# Building a 12 volt LED light for the bathroom



## budgetprepp-n (Apr 7, 2013)

I have 12 volt lights that I built from camper overhead lights I added Led bulbs and a pull string to
and they worked out great. They give off plenty of light but not really bright like a 70 watt bulb.
I'm going to replace the one in my bathroom with something brighter.

As my solar system grows I'm switching over to using it more and more I hope soon
that's all I use is solar power for all the lights and all the lights in the basement.
Along with TV computer and stuff like that. I'm using

I picked some 9watt 12 bulbs that are really bright. I was going to mount it in small round kitchen 
light with a pull string but some of the 12 volt bulbs are bigger than a regular bulb

NOTE: The more watts a 12 volt bulb has the bigger the bulb is. 
The bulb I'm using is called a 12 watt bulb it's really bright --

I don't know why they call it a 12 watt bulb it only pulls .6 of an amp. That should be .6x12v=7.2 watts

You can see the problem with it fitting. 

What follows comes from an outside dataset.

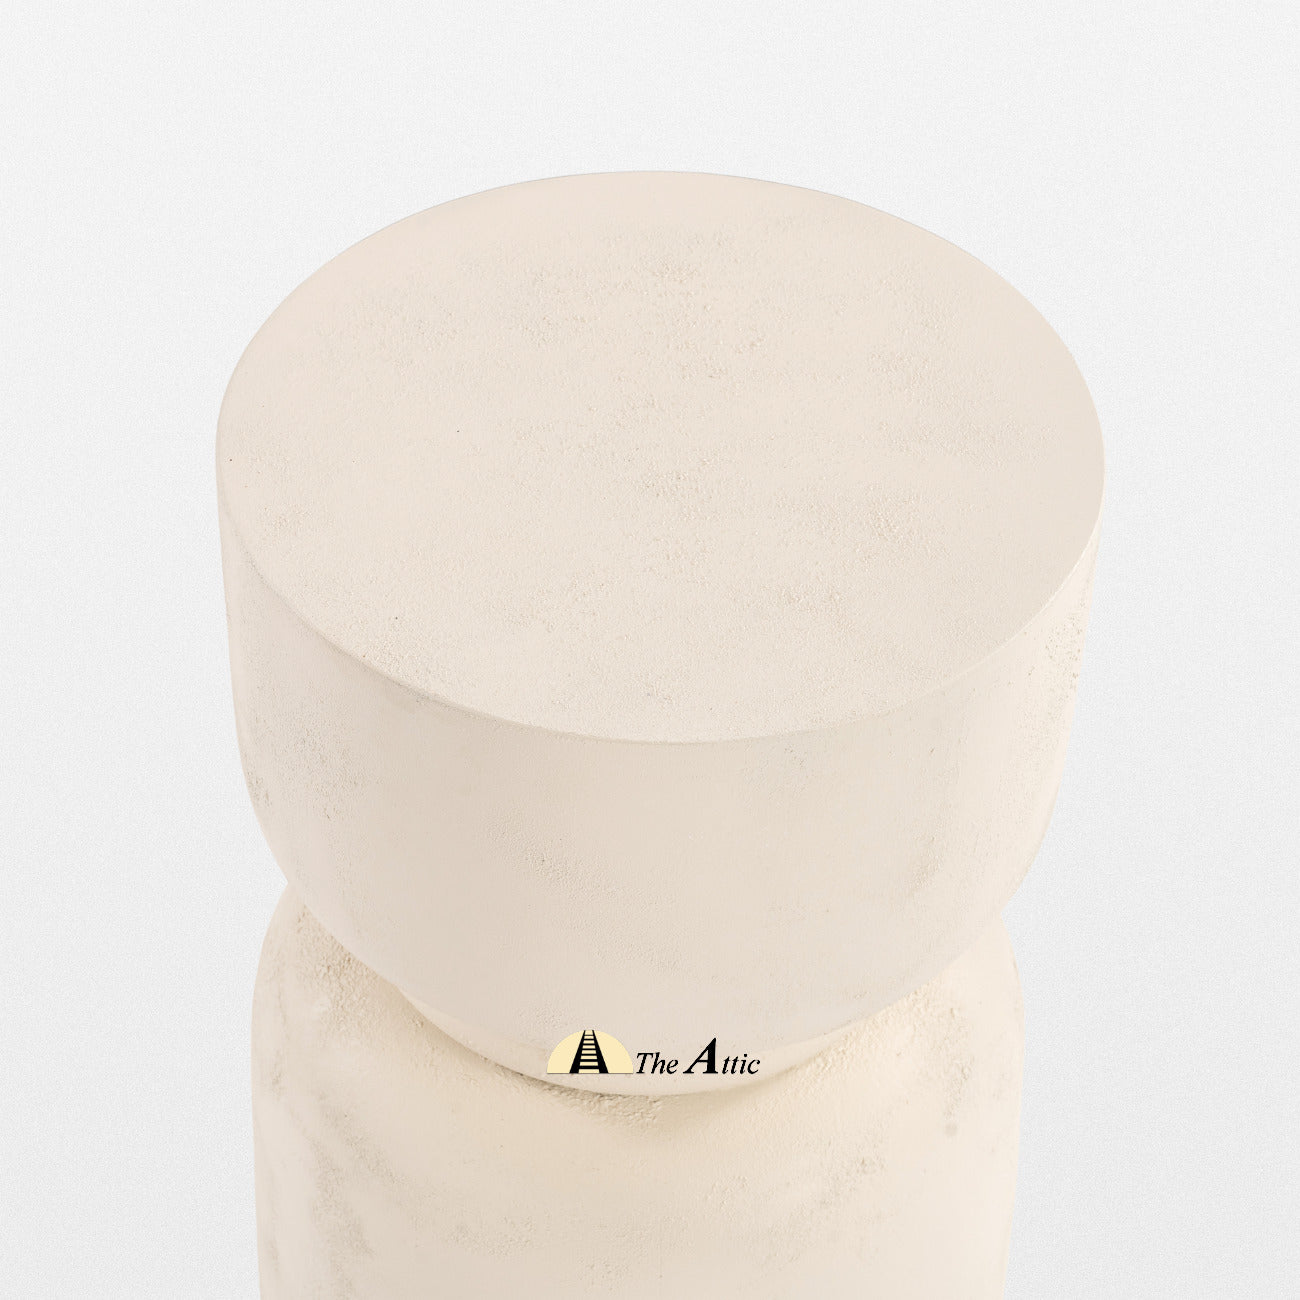 Soho Drum Solid Wood Side Table, Distressed White - The Attic Dubai

So I decided to open up one of the lights and see if there was anything in there I could work with.
There was. 


I found a flat round disc with the leds mounted on it. 

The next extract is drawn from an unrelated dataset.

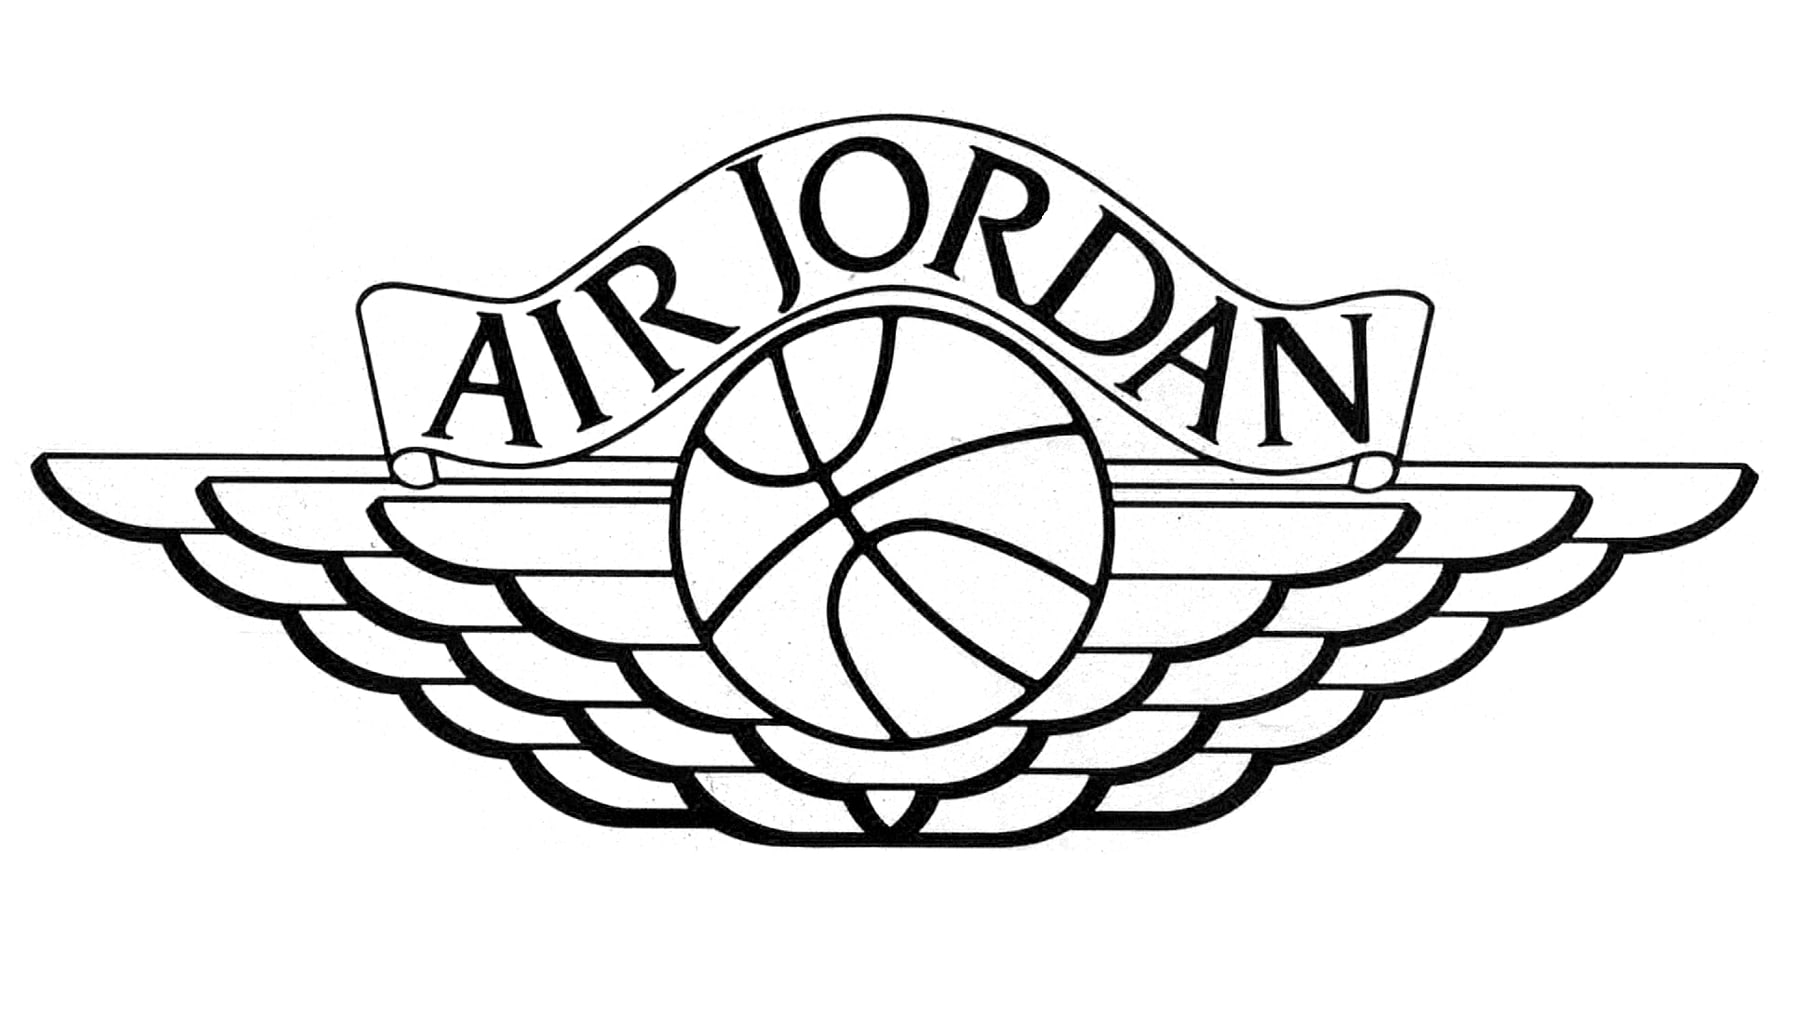 Air Jordan Wings logo designed by Peter Moore

If you go back up and look the part the bulb screws into you will see that's what I used for a base
to mount the round disc on it is made of something that looks sort of ceramic I wanted to have a 
space under the disc to keep it cool. Leds don't give off much heat but better safe than sorry 


I tried to get a picture to show you how bright this light is but my camera isn't working just right
and it does don'r respond well to anything that giving off a bright light.
The cover that came on the led light bulb held back some light but it mad it a soft comfortable light.
Without the cover the light is very very bright but harsh. But the glass that covers it now is
designed to brake up the light so it works out well.


----------



## budgetprepp-n (Apr 7, 2013)

I tried this out last night I can't beleve I get this much light from 7-9 watts.
This will save a lot of battery power at night when we have the lights on.
I might be taking down my other 12 volt lights a replace them with these.

These are bright enough to replace the regular lights that I usually run 
with the help of a inverter

I'm getting 850-900 lumens from this one light
I'm going to build a few of these and use them for my everyday lights


----------



## Kauboy (May 12, 2014)

Very nice!

You took off the light diffuser, which is intended to disperse and dampen the output. It serves no other purpose, so discarding it is no big deal.
If you lightly dusted the inside of the fixture's globe, you could recreate the diffused light output.
I'm glad it worked out well for you!


----------



## 1skrewsloose (Jun 3, 2013)

I'm always amazed at how innovative folks are here! Neat idea.


----------



## Slippy (Nov 14, 2013)

Great job Budget! You amaze me sometimes.


----------



## budgetprepp-n (Apr 7, 2013)

I have lux meter that measures how many lumans a bulb gives off. I don't know exactly how to use it so
I just set a 70 watt old school bulb and the light I built the same distance from the meter to see if they
were close to the same amount of light. The light I built that only uses 7 watts 
Kicked the 70 watts butt. yea,, I'm going to be pulling down my camper lights
and install these in every room. I could run 10 lights brighter than a old school 70watt for only 73 Watts?
Saving that much load to light the house puts me that much closer to being able to have refrigeration. 

I'll let you guys know how it works out


----------



## James m (Mar 11, 2014)

You said you're using a computer on battery? If you have a laptop pick up a car charger for it. Instead of converting DC to AC then back to DC you can go straight DC to DC. Saves that much more but only works in a laptop. If you are running a desktop, you poor guy lol.


----------



## Kauboy (May 12, 2014)

James makes a valid point. Desktop power supplies are rated up to 600W for a standard one, and up to 1000W for the higher end models that use high end graphics cards. I wouldn't try to run such a power hog on a solar system that could be put to better use.


----------



## budgetprepp-n (Apr 7, 2013)

James m said:


> You said you're using a computer on battery? If you have a laptop pick up a car charger for it. Instead of converting DC to AC then back to DC you can go straight DC to DC. Saves that much more but only works in a laptop. If you are running a desktop, you poor guy lol.


No I think I'm Ok I have a 1500 watt pure sound wave inverter that powers all the lights
and small stuff. Why am I a poor guy for having a desk top?


----------



## PaulS (Mar 11, 2013)

I have three desktops and a laptop. One for DOS, and the other three run Linux.


----------



## James m (Mar 11, 2014)

I would assume the desktop and monitor would just use more electricity. The actual desktop mostly runs off of 12 volt on the inside. The power supply takes 120v down to 12v 5.5v and about 3v I think. I was thinking efficiency.


----------



## PaulS (Mar 11, 2013)

28 DD batteries and a constant state charger running a pure sine wave inverter and I hardly notice when the power goes out.. for 72 hours.

Now THAT'S efficiency!


----------